Facts of Life:
Issue Briefings for Health Reporters
Vol. 4, No. 1 January - February 1999
Cutting the Stress of Surgery
The Issue
The Facts
Interview: Slowing the 'Cascade'
Interview: Learning from Roommates
The Power of Positive Thinking
Cost-Cutting
'Feeling' the Pain Even When You Don't
Painful Expectations
The Research
The Issue:
Surgery is often accompanied by stress: anxiety awaiting the operation,
physical stress during it, and distress during recovery afterward. Science
has amply demonstrated that stress has strong effects on both the immune
system and the body's ability to heal. Simple stress-lowering strategies,
however - such as guided imagery, telling patients what to expect, pairing
them with a roommate who has been through the procedure, or simply giving
them a hospital room with a view - can shorten hospital stays, reduce
complications, and make a remarkable difference in recovery.
The Facts:
- Science has known for a quarter century that preparation for surgery
triggers stress that can be documented physiologically. A 1975 study
showed that patients who were shaved, washed, and given an enema before
heart surgery released a burst of the stress hormone cortisol more than
four times greater than normal for that time of day.(2)

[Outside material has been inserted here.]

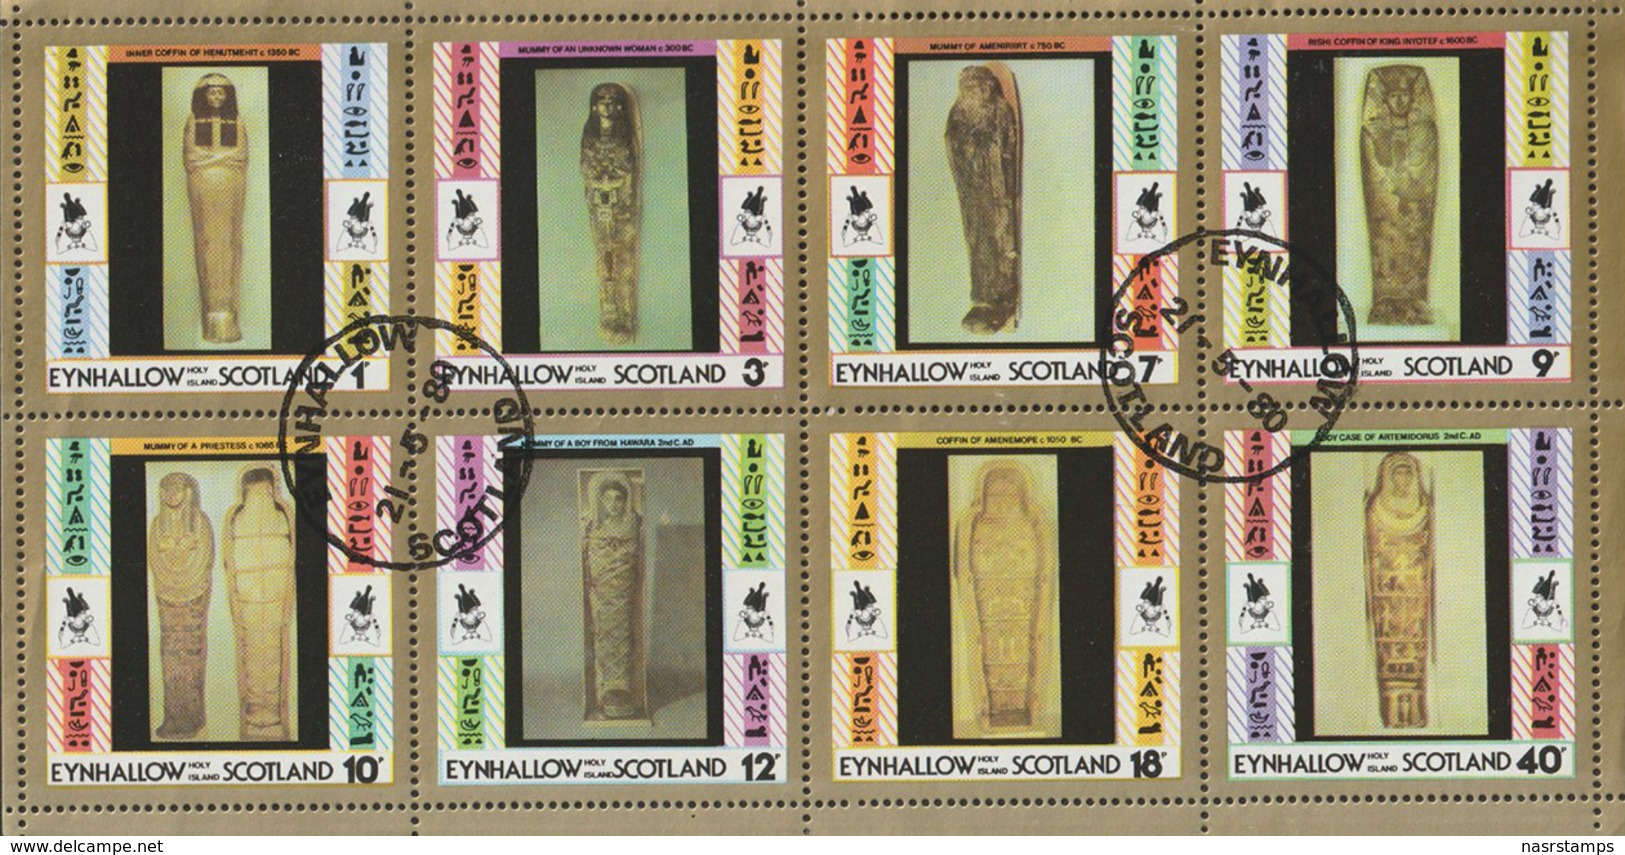 Egyptology - Labels - ( Complete Sheet - Egyptian Art - Egyptology ) - MNH (**) - Aegyptologie

- Among 30 dental surgery patients, those with high levels of stress during
the previous six months took longer to recover from anesthesia and reported
significantly more pain than did patients with low levels of stress.(11)
- Anxiety can lead to poorer recovery. Among 126 back surgery patients,
those who were anxious before surgery had significantly more fatigue,
tension, and pain three months later than those who were not anxious.(3)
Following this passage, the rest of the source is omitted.